Мать растерянно покачала головой.
— Но, Софи, ведь у нас ничего нет: ни стульев, ни столов, ни кроватей, ни постельного белья.
— Мы с Лили отлично обойдемся без своих письменных столиков и можем спать в одной кровати. Два стула мне обещала мисс Томс. А Порки даст кровать, стул, стол и два коврика на пол. И еще он починит ту старую кровать, что стоит на чердаке. Две комнаты можно обставить хоть сейчас. Вот уже кое-что для начала.
— Попробуем? — сказала Лили.
Констанс подбежала к матери и обняла ее.
— Неужели мы опять станем жить как все люди!
— Ну хорошо, — сказала мать. — Зажгите кто-нибудь свечку. Пойдем посмотрим верхние комнаты.
— Мама, — сказала Софи. — У меня есть керосин. Позволь мне сегодня же засветить лампу и гостиной. Кому охота селиться в доме, где всегда словно траур.
На следующее утро — это было 15 сентября — Лили взобралась на лестницу-стремянку и приколотила вывеску к одному из вязов у ворот. Вечером прогуливающихся мимо дома прибавилось — коултаунские жительницы спешили взглянуть на этот вещественный знак смехотворного самообмана.

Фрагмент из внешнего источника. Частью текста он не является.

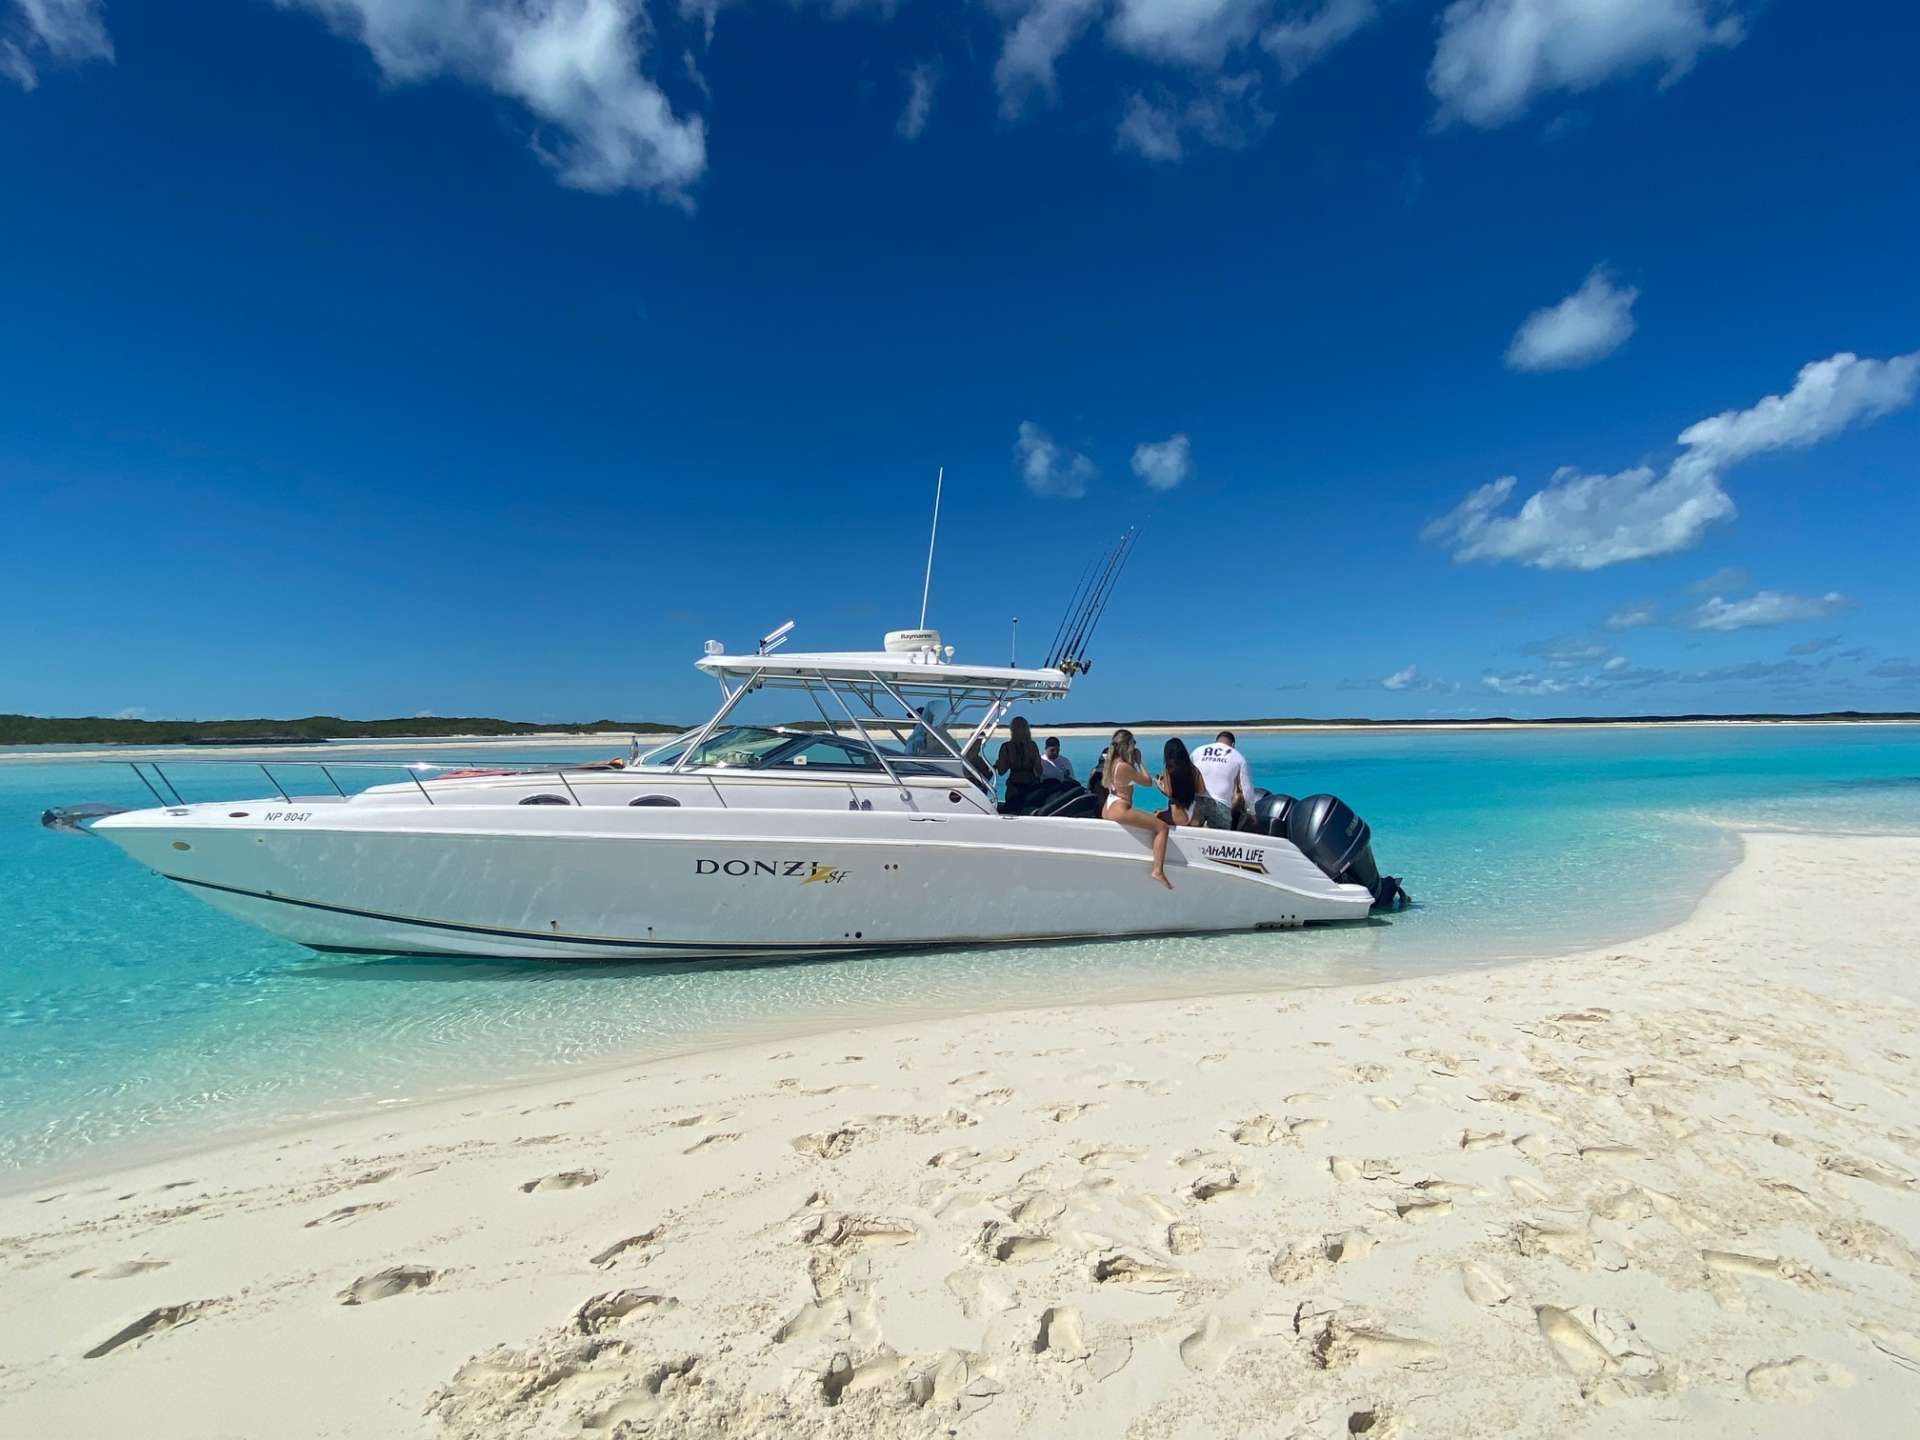 Zsf - Yacht Charter Bahamas & Boat hire in Bahamas New Providence Nassau Palm Cay One Marina 1

— «Приют уголовника» — куда более подходящее название.
— А еще лучше: «Арестантская услада».
Назавтра, когда Софи проходила по Главной улице, около нее остановился тарантас доктора Гиллиза.
— Привет, Софи!
— Доброе утро, доктор Гиллиз.
— Что с тобой сегодня? Сияешь, будто именинница.
— Да, пожалуй, вроде того.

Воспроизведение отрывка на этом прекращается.